The Verge recently posted an article by reporter Mia Sato on how the internet has ‘reshaped itself around Google’s search algorithms’. The article examines the effect that SEO is having on the user experience of Google, and how things might look in the future if current trends continue.

Sato starts by giving an example of using Google to answer a question she was curious about: are divorce papers public record in New York?

I did a quick Google search to find out.

The search results page was filled with my question’s exact words, repeated across site after site — websites for law firms, posts on forums, ads for creepy lookup tools — but the answer to my actual question was harder to find. At the top of the results page on my phone, Google offered two featured snippets of information quoting different websites. The first one: “Divorce records are not public in New York due to the sensitive nature of many divorce proceedings.” The second: “Due to the state’s underlying legislation regarding family law cases, each divorce is a matter of public record.”

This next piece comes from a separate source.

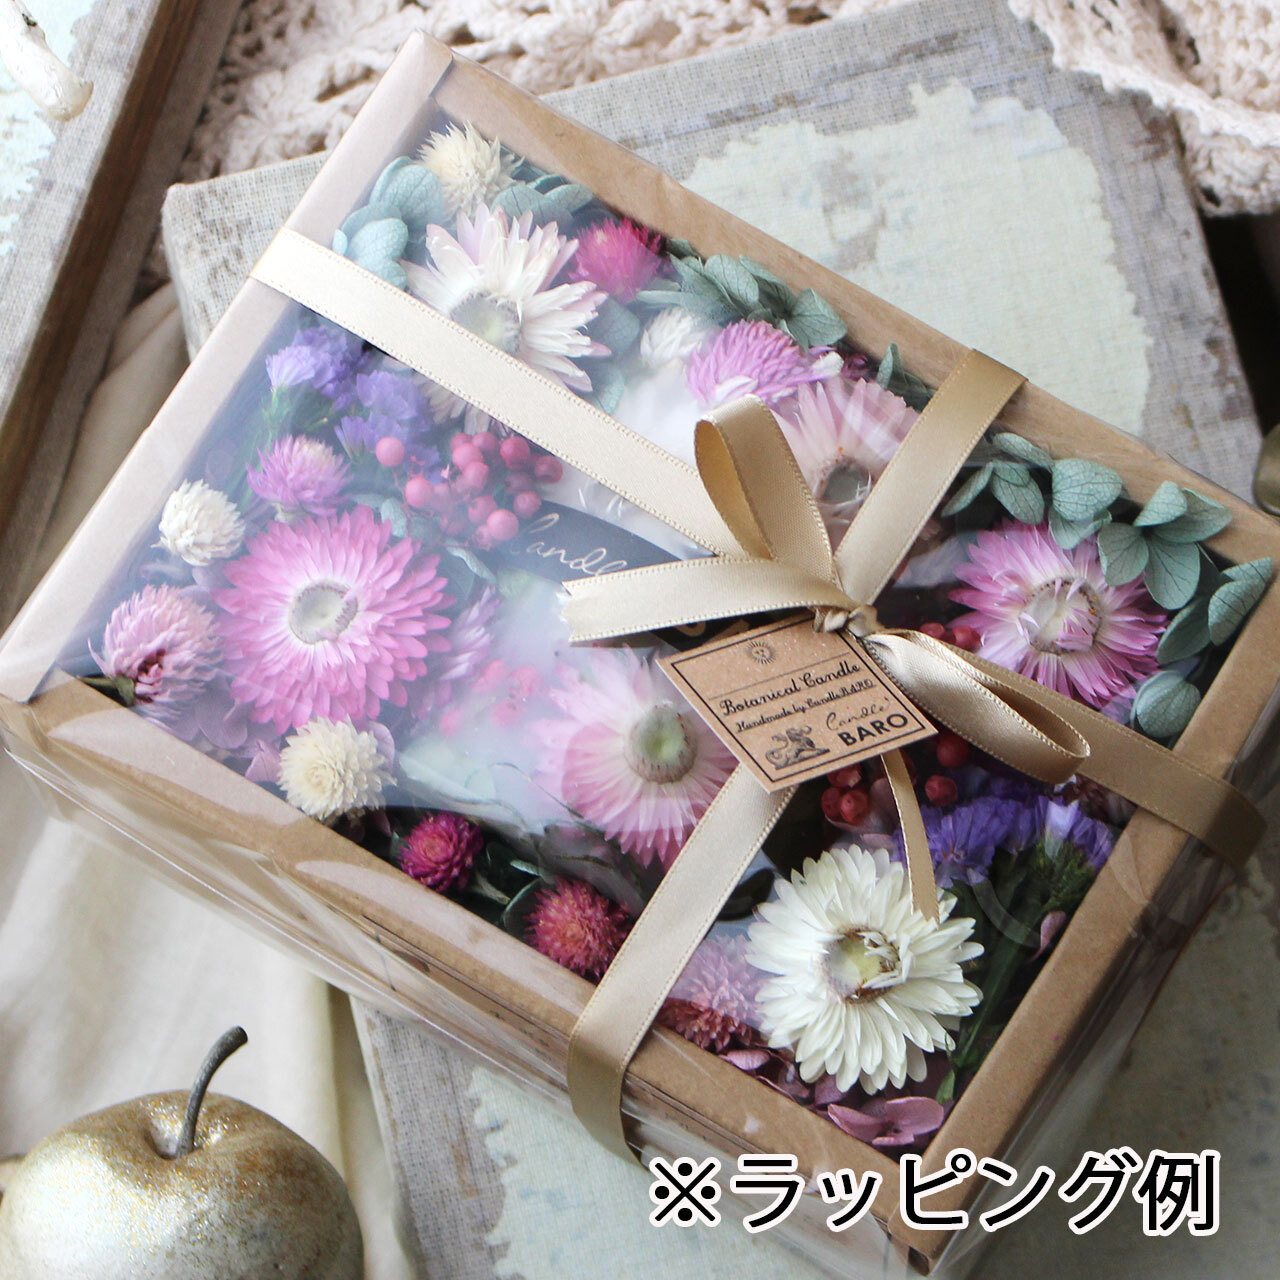 H461 透明ラッピング&紙袋付き☆ボタニカルキャンドルギフト プリザーブドヘリクリサム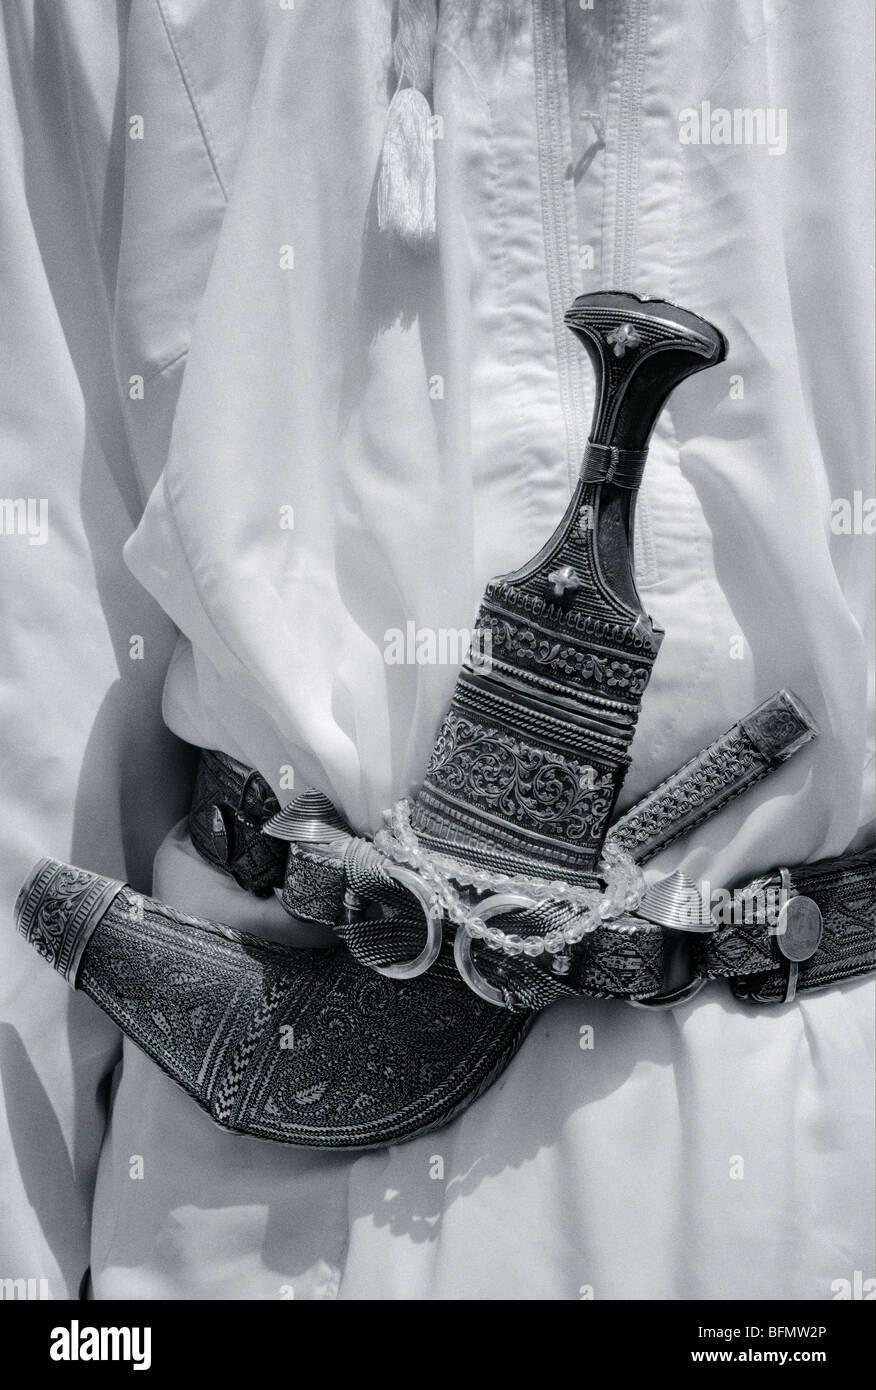 Oman. Dettaglio di un' ammenda khanjar o motivi decorativi pugnale portato da Omani uomini. Immagini Stock

Google bolded both snippets, but it wasn’t clear to me how they squared. I clicked on both.

This led Sato to discover an ecosystem she was previously unfamiliar with: law firms churning out articles with the goal of increasing their chances of being discovered on Google by users searching for legal services. The blogs were full of keywords, and existed for the primary purpose of search engine optimisation. But who is writing these myriad articles? Sato spoke to a self-employed content creator who works in this realm:

Many of these blog posts are written by people like E., a self-employed content writer who juggles law firm clients that want Google-friendly content. E. does not have a legal background; they’re just a competent writer who can turn in clean copy. They trawl health department records, looking for nursing homes that get citations for neglect or other infractions. Then E. writes a blog post about it for a firm, making sure to include the name of the offender and the wrongdoing — keywords for which concerned patients or families will likely be searching. (E. requested anonymity so as to not jeopardize their employment.)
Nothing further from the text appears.